J’en avais, avant d’écrire La Malchimie, une certaine conscience, et depuis longtemps. Je me souviens dans les années soixante-dix avoir voté (mon premier vote) pour René Dumont, avoir lu des revues comme « La gueule ouverte » par exemple. Mais nous ignorions alors la dangerosité réelle des produits phytosanitaires qu’employaient déjà les agriculteurs, les maraîchers, les jardiniers, que manipulaient les dockers et tant de personnes en divers pays de la planète. Notre vision des choses était plus parcellaire. Ce que nous mettions sous le mot « traitement » en agriculture restait vague. Nous nous en prenions surtout à l’emploi massif des engrais chimiques – la question de la présence des nitrates dans le sol et les eaux était à cette époque pertinemment posée. Nous manifestions contre la construction des centrales nucléaires, contre les essais nucléaires qui se faisaient dans le secret.
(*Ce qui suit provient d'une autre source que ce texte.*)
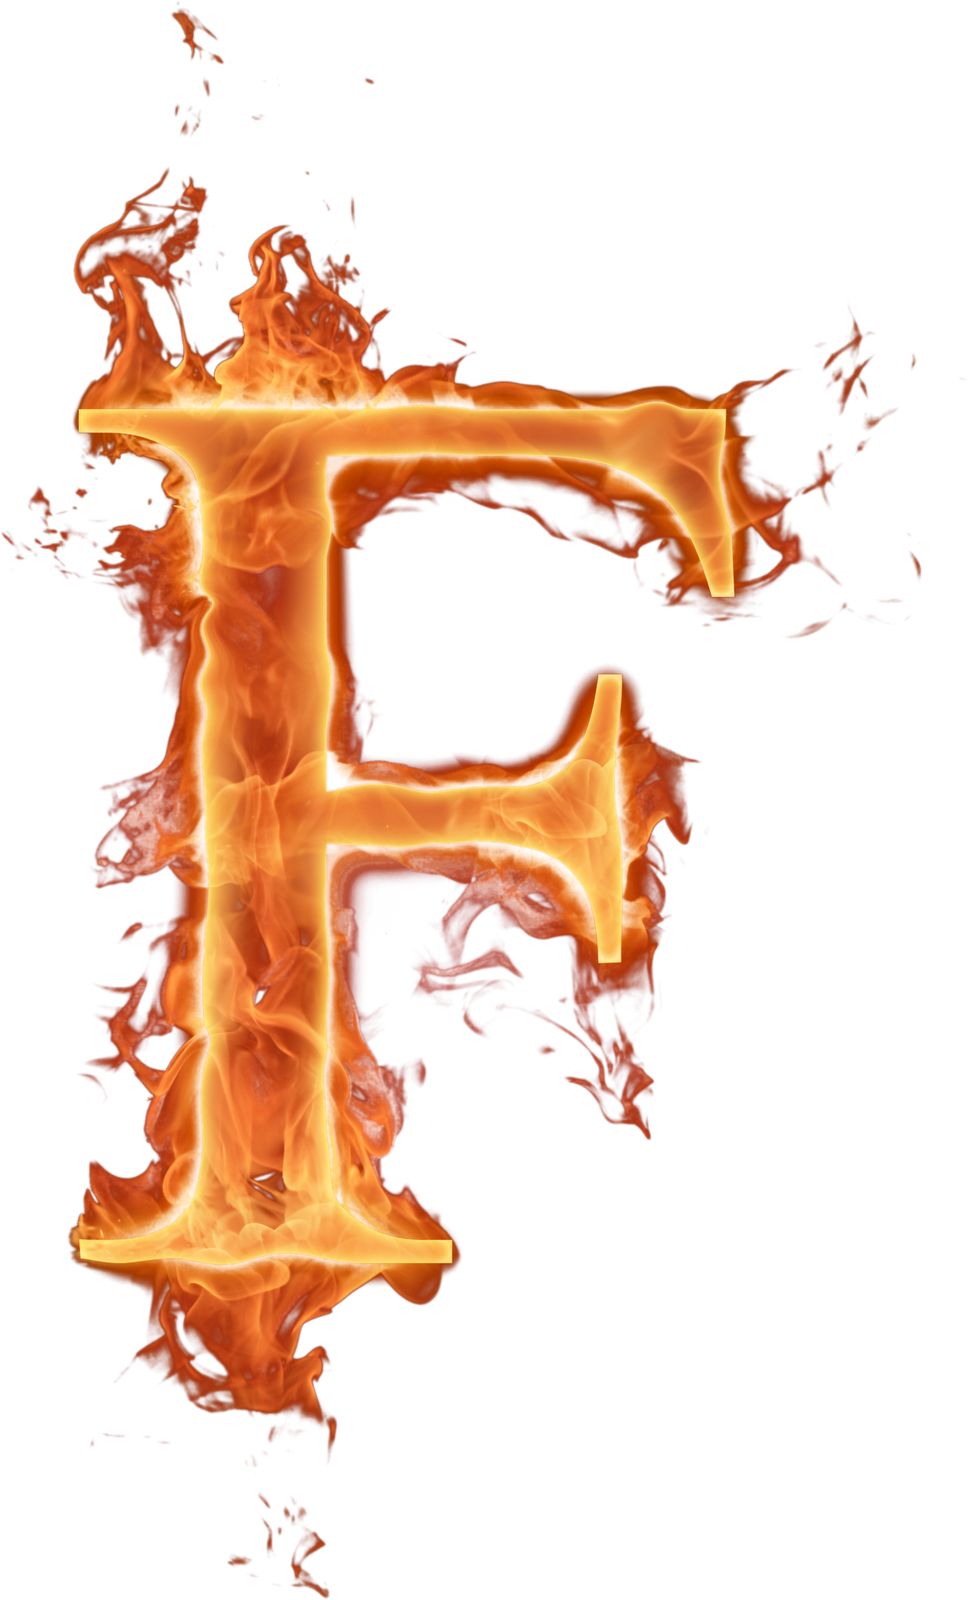 A Letter F In Flames

L’écologie apparaît aujourd’hui comme un nouvel universalisme : pour la nouvelle génération c’est un idéal –ou une utopie– qui permet une mobilisation importante. Estimez-vous que l’engagement, tenu en suspicion depuis la faillite des grandes idéologies du XXe siècle, pourrait grâce à l’écologie retrouver aujourd’hui une certaine légitimité ? Dans quelle mesure et par quels moyens ?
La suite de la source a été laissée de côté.